Journal of Endocrinology ◽

10.1677/joe.0.1750597 ◽

2002 ◽

Vol 175 (3) ◽

pp. 597-604 ◽

Cited By ~ 17

Author(s):

IM Evans ◽

MR Pickard ◽

AK Sinha ◽

AJ Leonard ◽

DC Sampson ◽

...

Keyword(s):

Brain Function ◽

Fetal Brain ◽

Study Groups ◽

Immunoblot Analysis ◽

Maternal Serum ◽

Cytoskeletal Proteins ◽

Brain Weight ◽

Protein Abundance ◽

Differentiation Markers ◽

Osmotic Pumps

Maternal hypothyroidism during pregnancy impairs brain function in human and rat offspring, but little is known regarding the influence of maternal hyperthyroidism on neurodevelopment. We have previously shown that the expression of neuronal and glial differentiation markers in fetal brain is compromised in hypothyroid rat dam pregnancies and have now therefore extended this investigation to hyperthyroid rat dams. Study groups comprised partially thyroidectomised dams, implanted with osmotic pumps infusing either vehicle (TX dams) or a supraphysiological dose of thyroxine (T4) (HYPER dams), and euthyroid dams infused with vehicle (N dams). Cytoskeletal protein abundance was determined in fetal brain at 21 days of gestation by immunoblot analysis. Relative to N dams, circulating total T4 levels were reduced to around one-third in TX dams but were doubled in HYPER dams. Fetal brain weight was increased in HYPER dams, whereas litter size and fetal body weight were reduced in TX dams.
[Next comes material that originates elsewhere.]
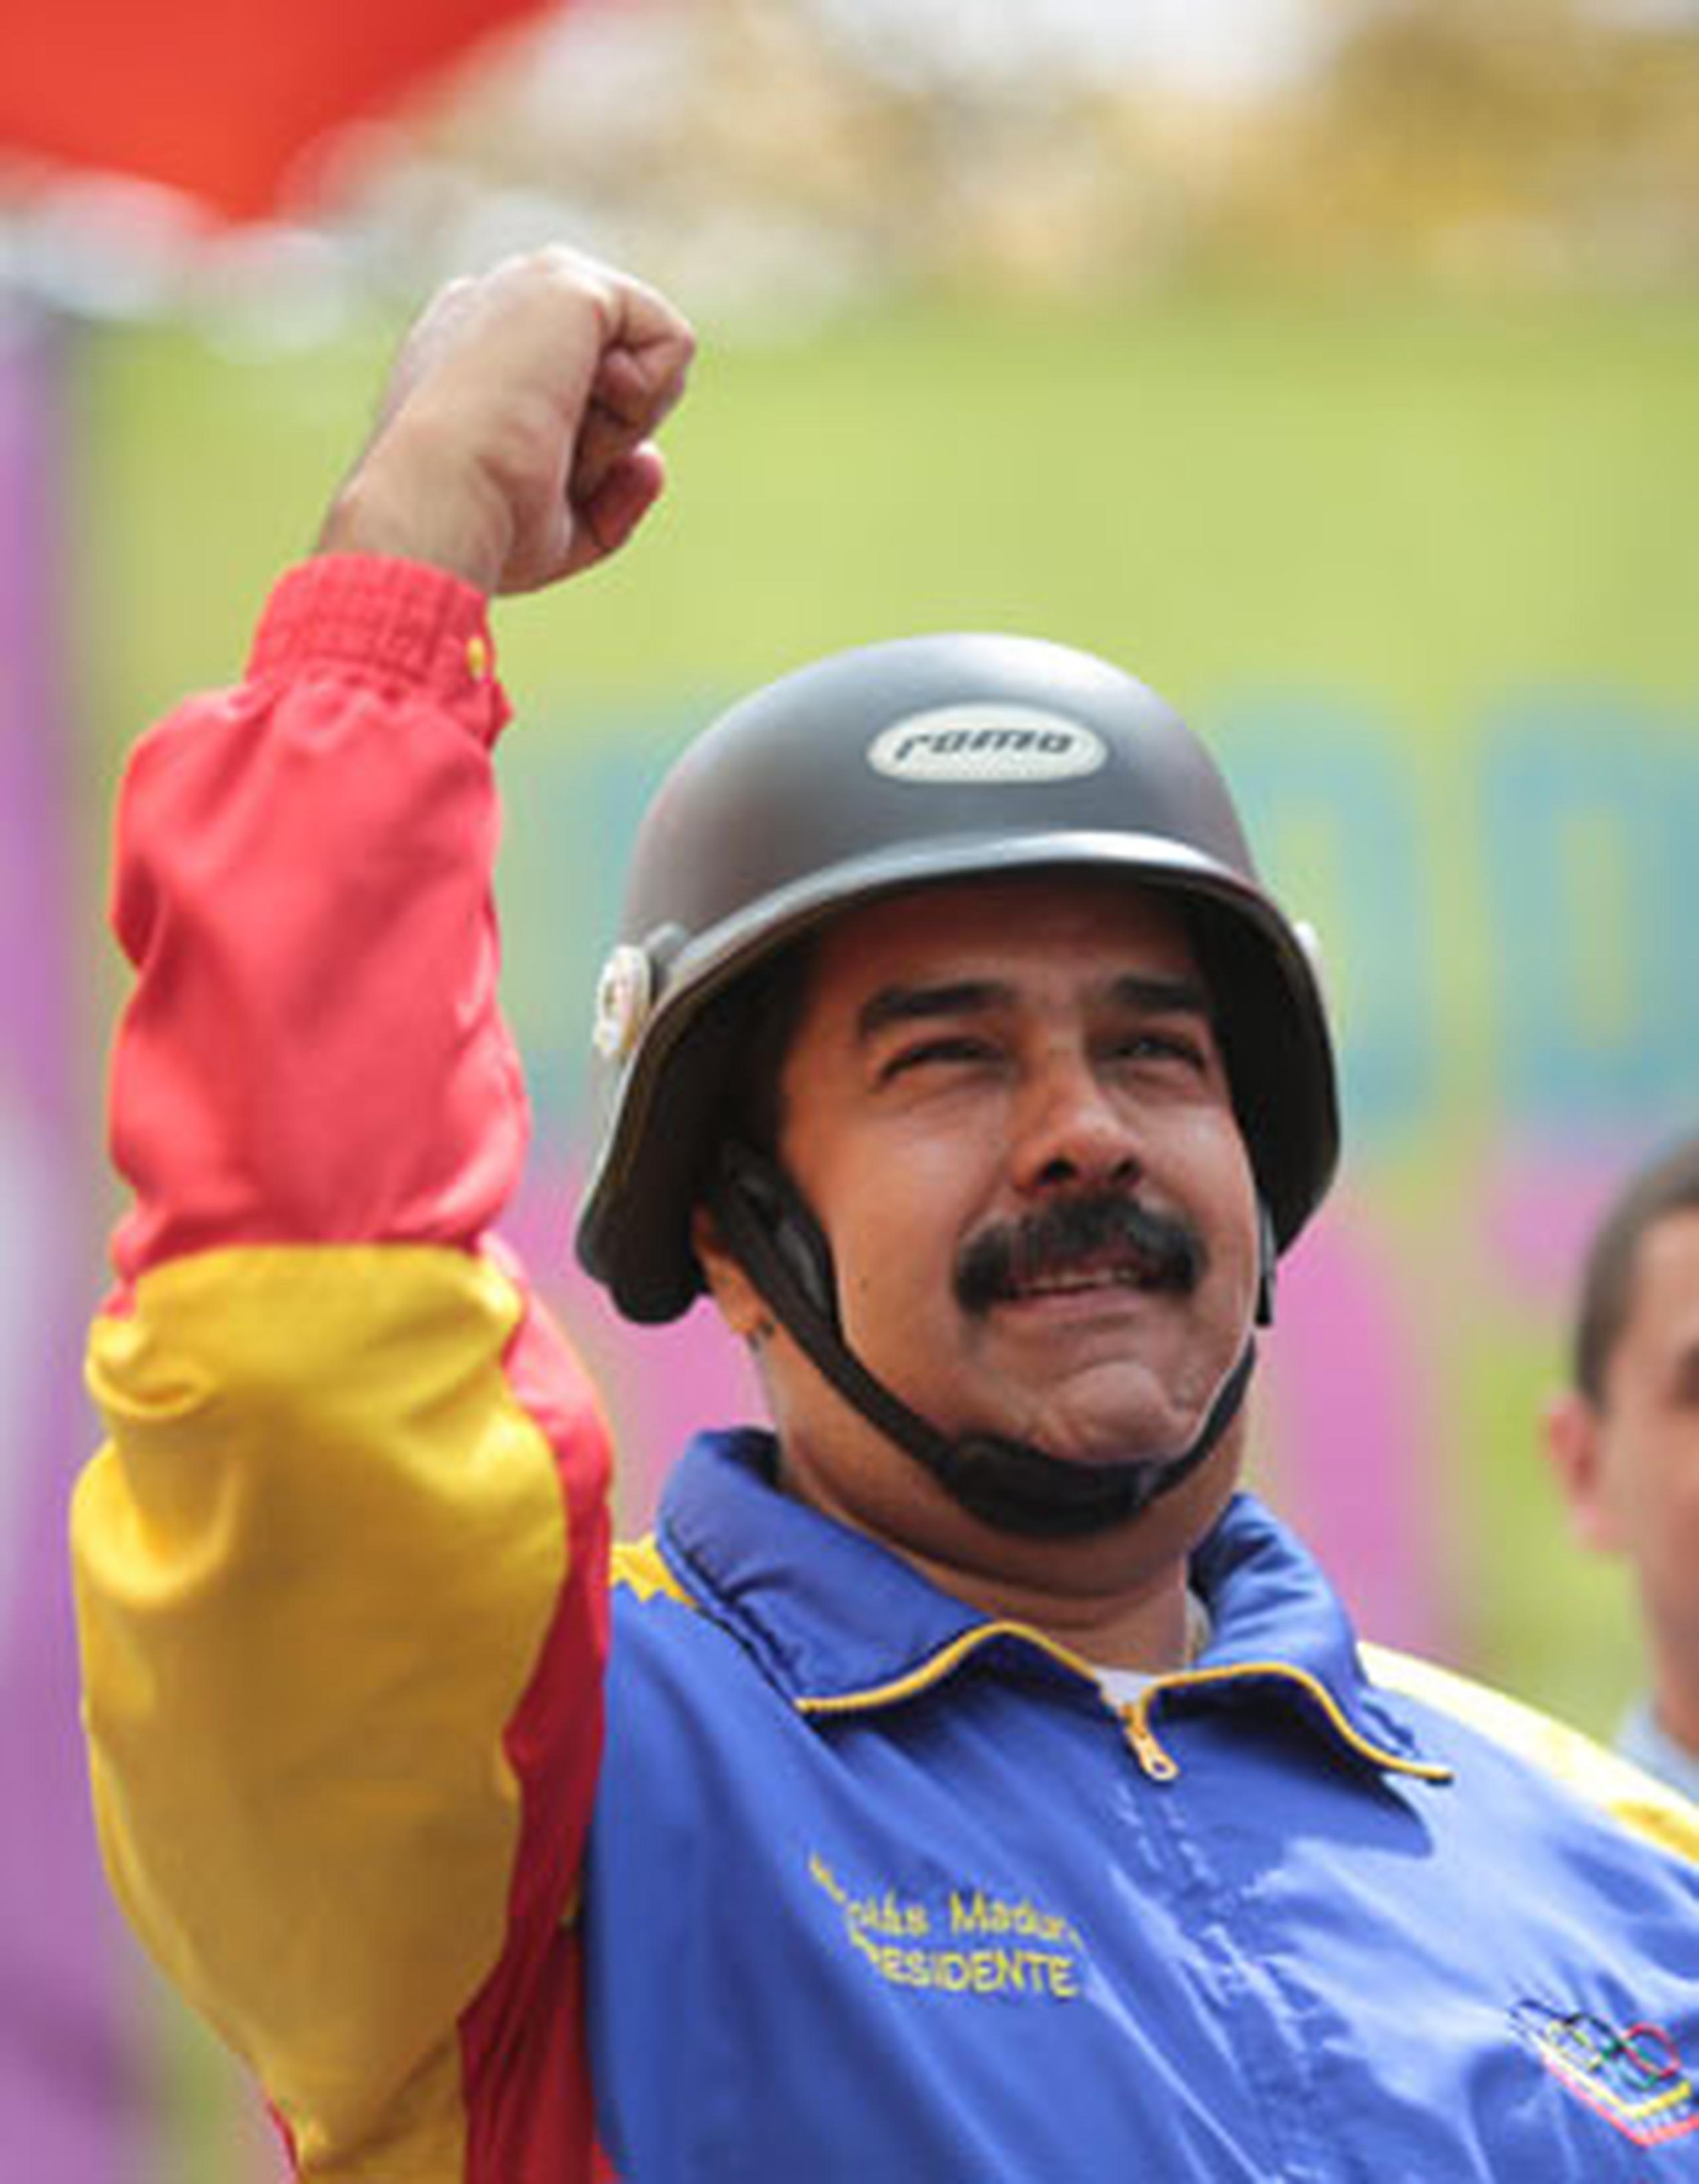 Desde el estallido de las protestas en contra del Gobierno venezolano hace ya dos semanas, Maduro ha recibido críticas de figuras como Rubén Blades y Madonna. (EFE)

Glial fibrillary acidic protein expression was similar in HYPER and TX dams, being reduced in both cases relative to N dams. alpha-Internexin (INX) abundance was reduced in HYPER dams and increased in TX dams, whereas neurofilament 68 (NF68) exhibited increased abundance in HYPER dams. Furthermore, INX was inversely related to - and NF68 directly related to - maternal serum total T4 levels, independently of fetal brain weight. In conclusion, maternal hyperthyroidism compromises the expression of neuronal cytoskeletal proteins in late fetal brain, suggestive of a pattern of accelerated neuronal differentiation.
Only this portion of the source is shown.